He's not really a prom king ya know, not with a middle name like Hussein and a free spirited mother that sometimes went on food stamps. Don't be fooled, he may be charming but he didn't lead a charmed life. Sure, things are "easier" for Obama than for other politicos, but he still had to fight to get there.

Does this sound like incoherent ranting? I'm sorry, I just need my morning coffee, and I'm using this poor blog to vent, since most of the subjects du jour can't be published right now. They are embargoed, so to speak. But I'll find a way around it.

Wednesday, August 27, 2008

When the important things get buried under urgent stuff

==>US set to adopt IFRS rules

This is a small item, no big headlines. It's a bit of legislation about accounting practices, quite boring. But the repercussions, I believe, are important.

US companies are set to switch to international accounting rules in a move that will, for the first time, see all the world's most important listed groups reporting according to the same set of standards.

The US Securities and Exchange Commission yesterday proposed a "roadmap" to manage the migration of US companies from its rules to the international ones. The plans are open to comment for 60 days.

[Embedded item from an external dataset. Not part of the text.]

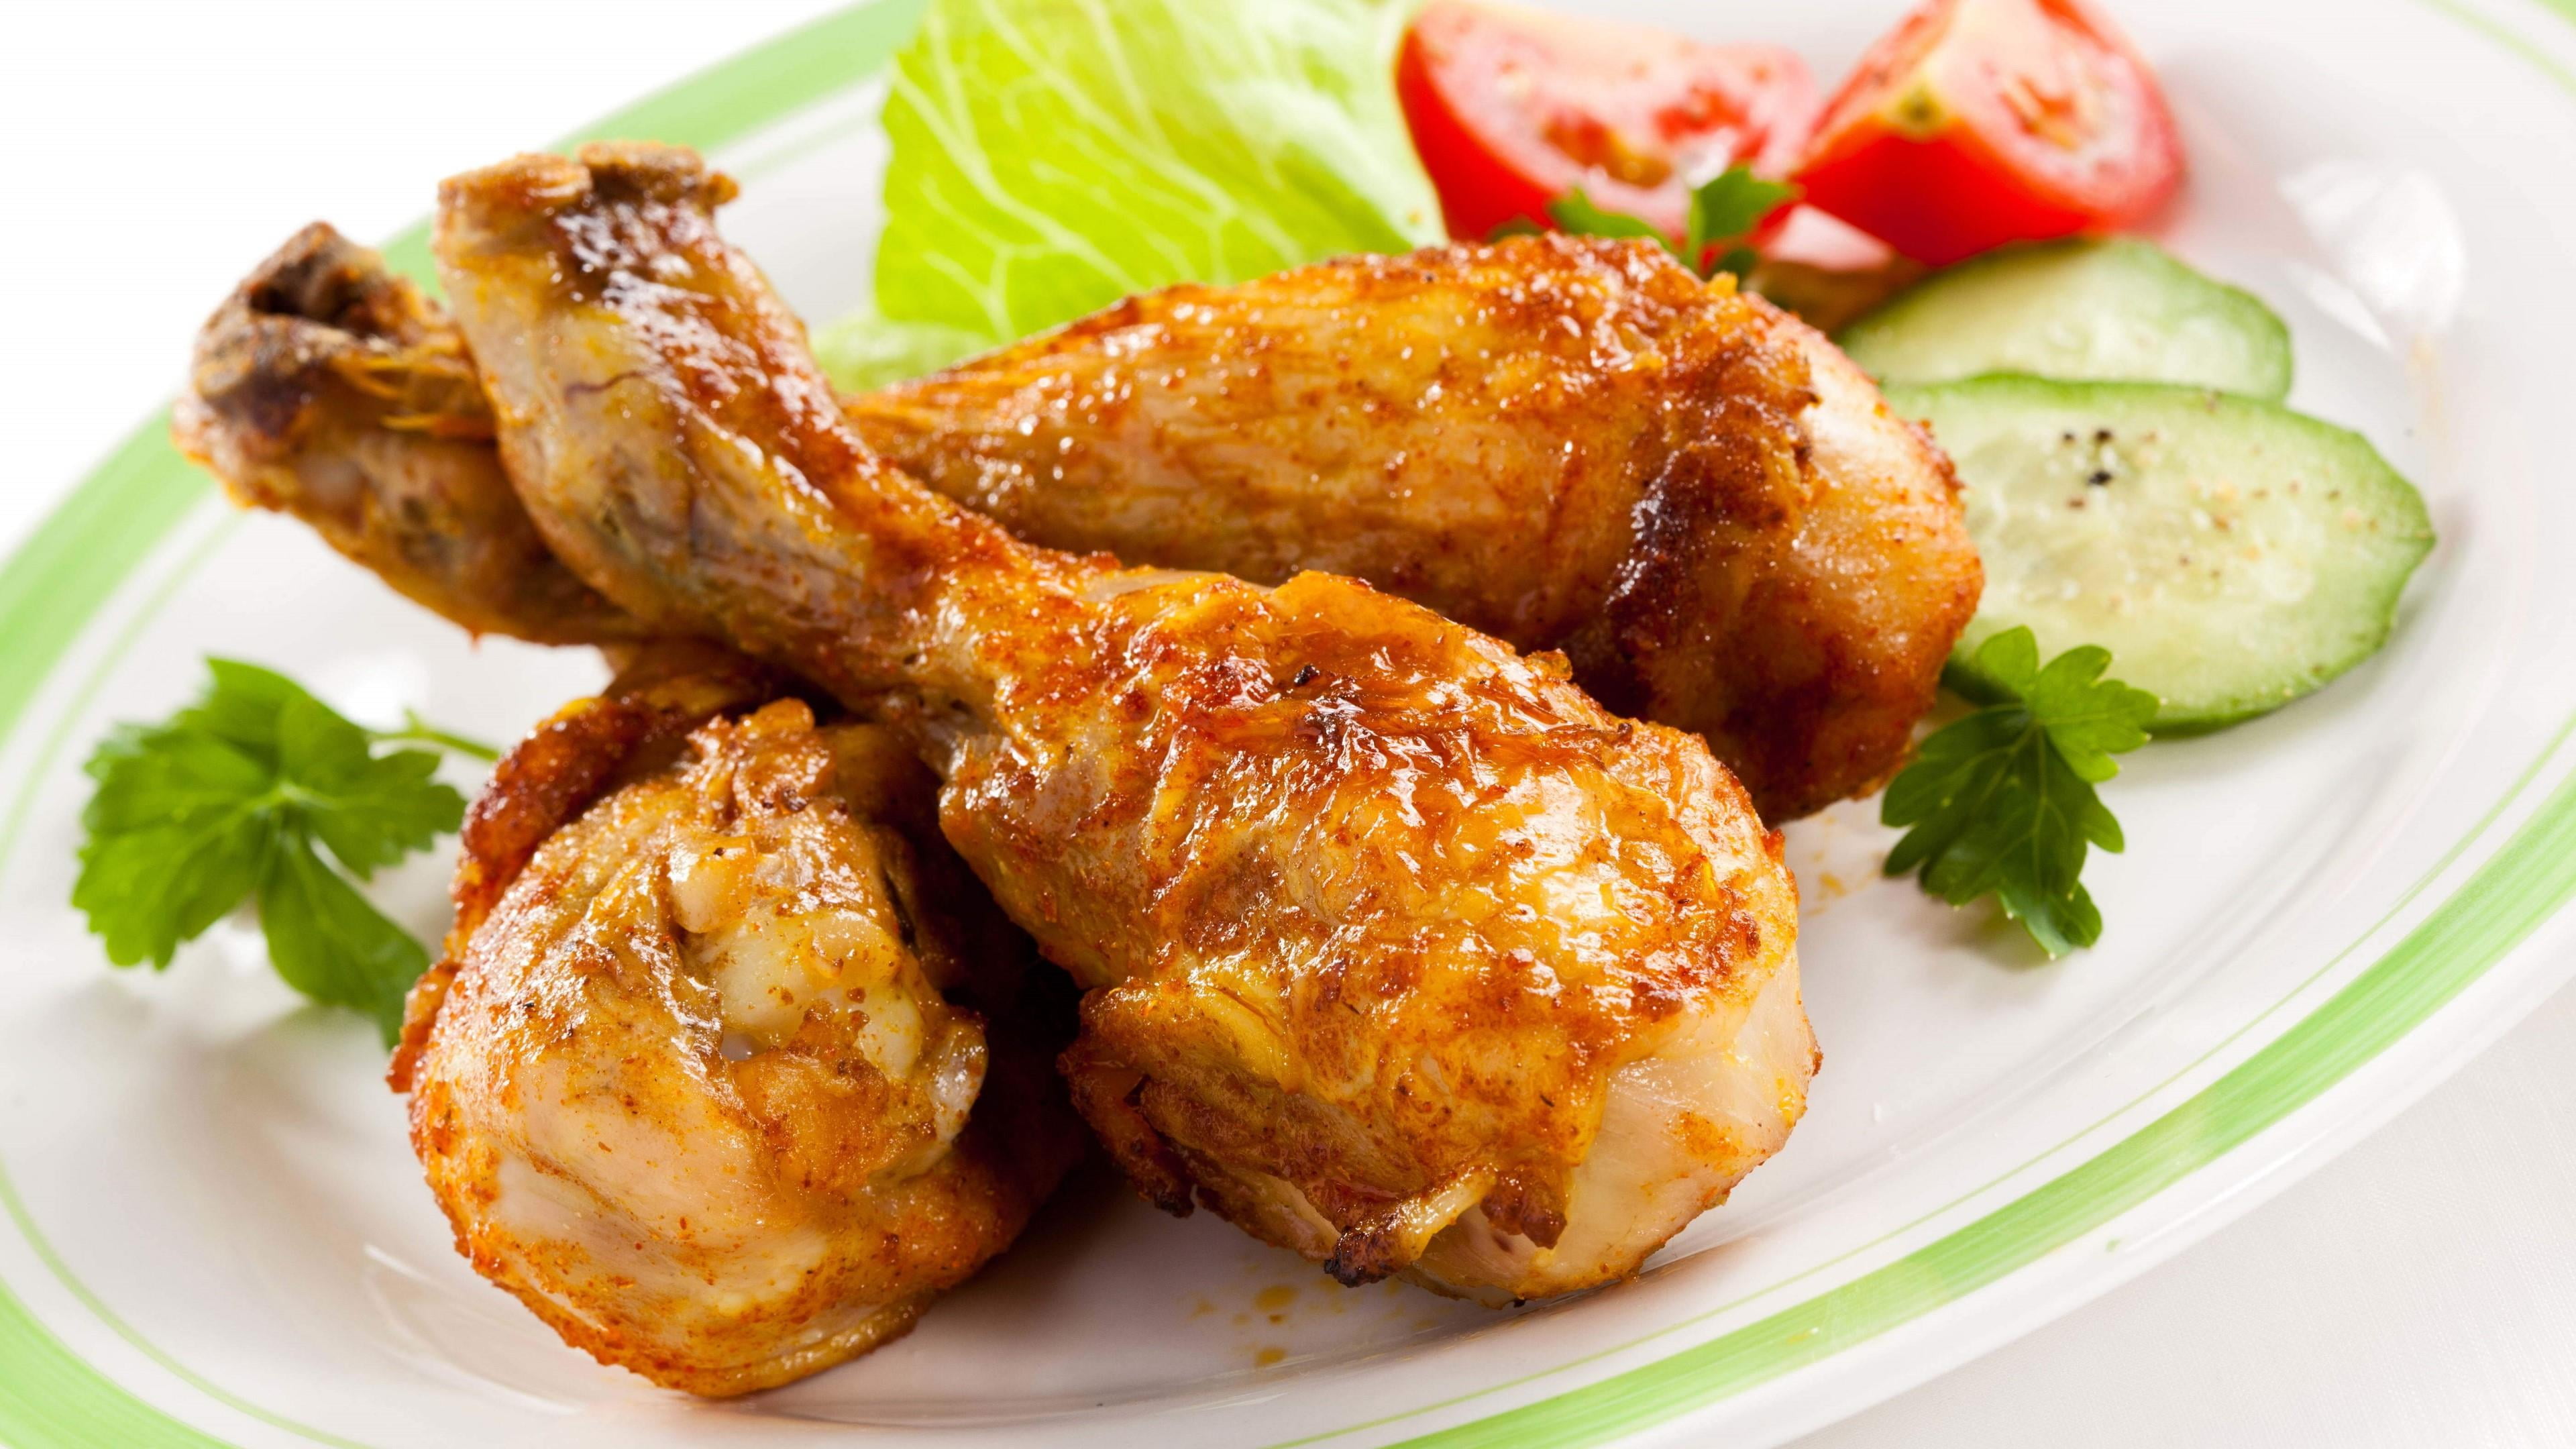 chicken legs, food, meat, food and drink, chicken meat, ready-to-eat

More than 100 countries use, or are adopting, International Financial Reporting Standards, including all 27 European Union members as well as China, Japan, Canada and India. US GAAP, the accounting lingua franca until the sudden rise of IFRS, is the last significant standard to be switched.

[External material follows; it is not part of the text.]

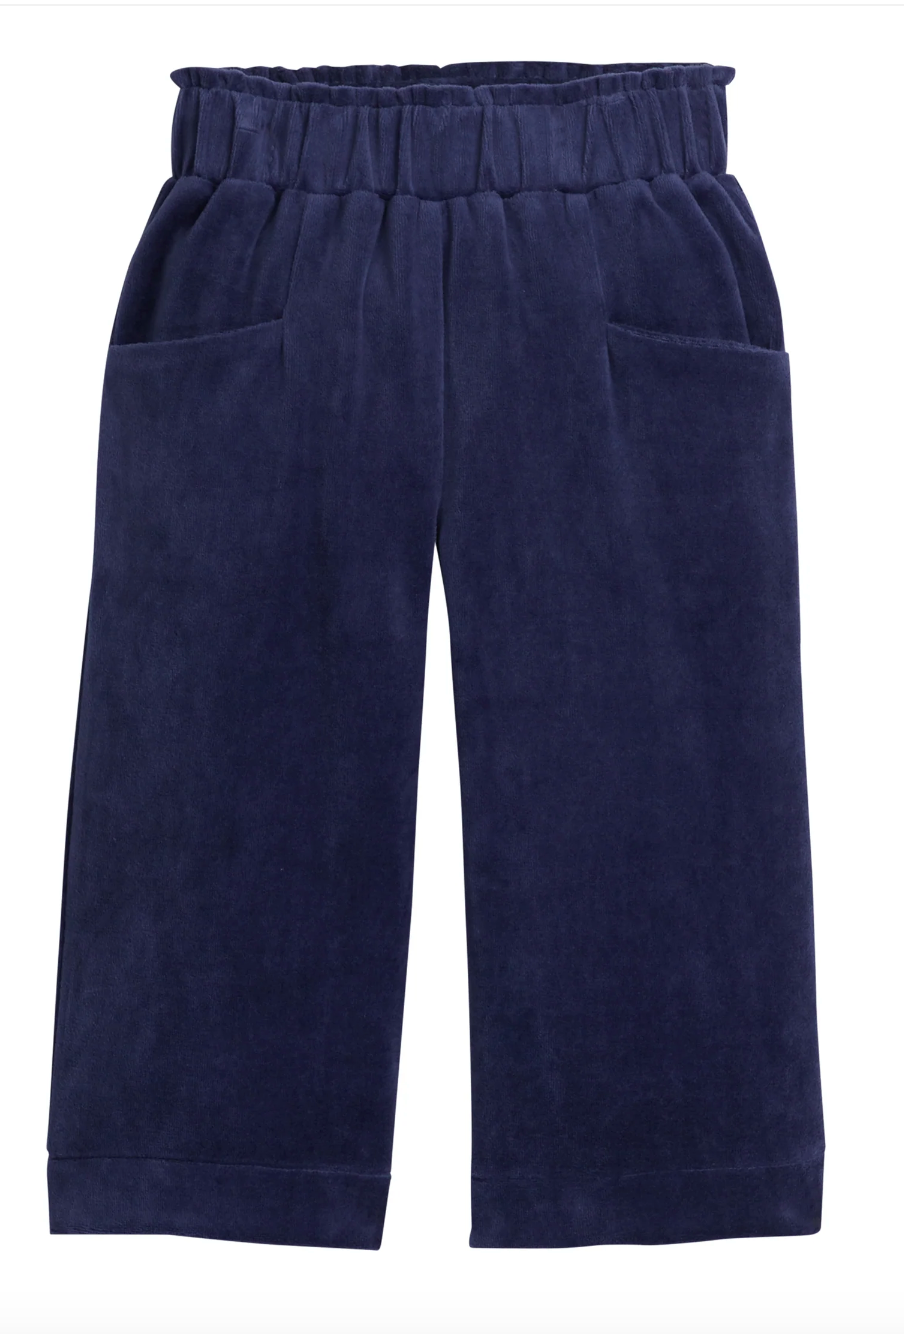 Cropped Palazzo Pants - Navy Velour

Under the SEC's plans, US groups are likely to adopt IFRS in 2014 providing certain conditions are met, a decision that will be taken in 2011. Some companies may be allowed to adopt IFRS sooner.

What does this mean? Financial statements are a labyrinth where accountants, tax attorneys and the like can hide their bosses' pecadilloes and misdemeanors. The situation is even worse when you're comparing companies accross countries, since everyone has their own accounting standards.

Case in point: the WSJ recently called out Cemex for it's debt management. According to the Journal, Cemex might be in trouble not because of the Venezuelan expropriation, but because they are heavily leveraged and demand is declining.

==>Cemex's Cement Shoes
But investors should be more worried by the Mexican company's large, complex and, some fear, overly engineered debt. This exposes shareholders to risks associated with things like movements in the Japanese yen and changes in Cemex's own share price.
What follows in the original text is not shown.